For a bonus challenge, try different methods of preparing your data (cleaning, choosing rows/columns) to see if that affects your results.

*To see an example of predictive output of the logistic regression and decision trees, run the code in the notebooks for the Lv 1 Module 8: Logistic Regression and Module 9: Decision Trees notebooks (Links to an external site.).

Upload your Jupyter notebook to Github and submit the URL to turn in this assignment.

In [4]:
import pandas as pd
import numpy as np

In [5]:
filename="datasets/titanic.xls"
df=pd.read_excel(filename)

In [6]:
df.head()

Unnamed: 0,pclass,survived,name,sex,age,sibsp,parch,ticket,fare,cabin,embarked,boat,body,home.dest
0,1,1,"Allen, Miss. Elisabeth Walton",female,29.0,0,0,24160,211.3375,B5,S,2.0,,"St Louis, MO"
1,1,1,"Allison, Master. Hudson Trevor",male,0.9167,1,2,113781,151.55,C22 C26,S,11.0,,"Montreal, PQ / Chesterville, ON"
2,1,0,"Allison, Miss. Helen Loraine",female,2.0,1,2,113781,151.55,C22 C26,S,,,"Montreal, PQ / Chesterville, ON"
3,1,0,"Allison, Mr. Hudson Joshua Creighton",male,30.0,1,2,113781,151.55,C22 C26,S,,135.0,"Montreal, PQ / Chesterville, ON"
4,1,0,"Allison, Mrs.
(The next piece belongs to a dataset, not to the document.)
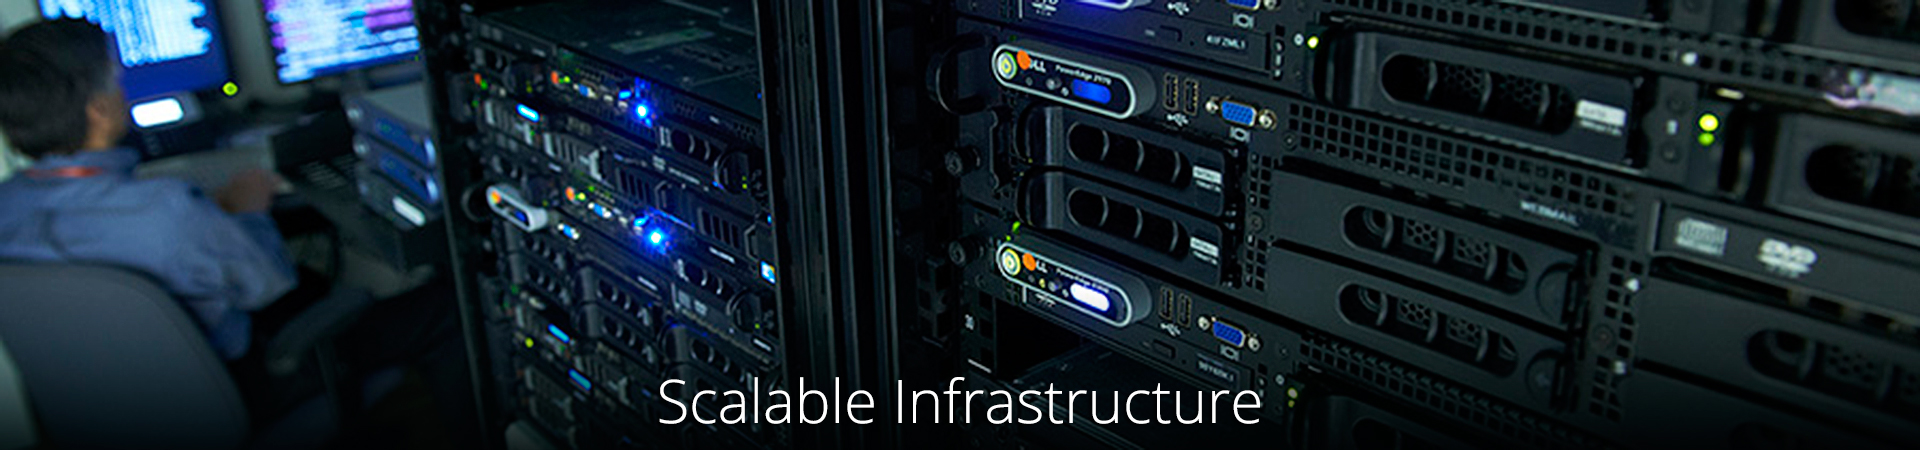 Scalable Infrastructure

Hudson J C (Bessie Waldo Daniels)",female,25.0,1,2,113781,151.55,C22 C26,S,,,"Montreal, PQ / Chesterville, ON"


In [8]:
from sklearn.naive_bayes import GaussianNB
from sklearn.model_selection import train_test_split
from sklearn.metrics import classification_report
from sklearn.metrics import confusion_matrix
from sklearn.metrics import accuracy_score

In [17]:
#transform sex column to binary values (0,1)
df['sex']=df['sex'].map({'female':0,'male':1})

In [20]:
df['age']=df.fillna(df['age'].mean())

In [24]:
df=df.drop('name',axis=1)

In [26]:
df=df.drop('embarked',axis=1)

In [27]:
df=df.drop('body',axis=1)

In [31]:
df=df.drop('boat',axis=1)

In [32]:
df=df.drop('cabin',axis=1)

In [33]:
df=df.drop('home.dest',axis=1)

In [35]:
df['fare']=df.fillna(df['fare'].mean())

In [40]:
df['age']=df['age'].astype(str).astype(int)

In [42]:
df['fare']=df['fare'].astype(str).astype(int)

In [44]:
df=df.drop('ticket',axis=1)

In [45]:
df.count()

pclass      1309
survived    1309
sex         1309
age         1309
sibsp       1309
parch       1309
fare        1309
dtype: int64

In [46]:
df.corr()

Unnamed: 0,pclass,survived,sex,age,sibsp,parch,fare
pclass,1.0,-0.312469,0.124617,1.0,0.060832,0.018322,1.0
survived,-0.312469,1.0,-0.528693,-0.312469,-0.027825,0.08266,-0.312469
sex,0.124617,-0.528693,1.0,0.124617,-0.109609,-0.213125,0.124617
age,1.0,-0.312469,0.124617,1.0,0.060832,0.018322,1.0
sibsp,0.060832,-0.027825,-0.109609,0.060832,1.0,0.373587,0.060832
parch,0.018322,0.08266,-0.213125,0.018322,0.373587,1.0,0.018322
fare,1.0,-0.312469,0.124617,1.0,0.060832,0.018322,1.0


In [47]:
X=df.drop('survived',axis=1)
y=df['survived']

In [48]:
X_train,X_test,y_train,y_test=train_test_split(X,y,random_state=109)

In [49]:
gnb=GaussianNB()

In [50]:
gnb.fit(X_train,y_train)

GaussianNB(priors=None, var_smoothing=1e-09)

In [51]:
y_pred=gnb.predict(X_test)

In [52]:
cm=pd.DataFrame(confusion_matrix(y_test,y_pred),columns=['Predicted Failed','Predicted Passed'],index=['True Failed','True Passed'])
cm

Unnamed: 0,Predicted Failed,Predicted Passed
True Failed,152,48
True Passed,42,86


In [60]:
gnb.score(X_test,y_test)

0.725609756097561

In [53]:
from sklearn.naive_bayes import BernoulliNB

In [54]:
bnb=BernoulliNB()

In [55]:
bnb.fit(X_train,y_train)

BernoulliNB(alpha=1.0, binarize=0.0, class_prior=None, fit_prior=True)

In [56]:
bnb.score(X_train,y_train)

0.7849133537206932

In [57]:
y_pred=bnb.predict(X_test)

In [59]:
cm=pd.DataFrame(confusion_matrix(y_test,y_pred),columns=['Predicted Failed','Predicted Passed'],
               index=['True Failed','True Passed'])
cm

Unnamed: 0,Predicted Failed,Predicted Passed
True Failed,170,30
True Passed,47,81


In [61]:
bnb.score(X_test,y_test)

0.7652439024390244

The Bernoulli model is better at determining the survival rate based on the overall score.  One way to improve the results could be to look at fewer features, for instance only sex and age.  

The overall score of the Logistic Regression is higher than the Bernoulli and Gaussian. (78%)

The overall score of the Decision Tree method is higher than the Bernoulli and Gaussian (80%).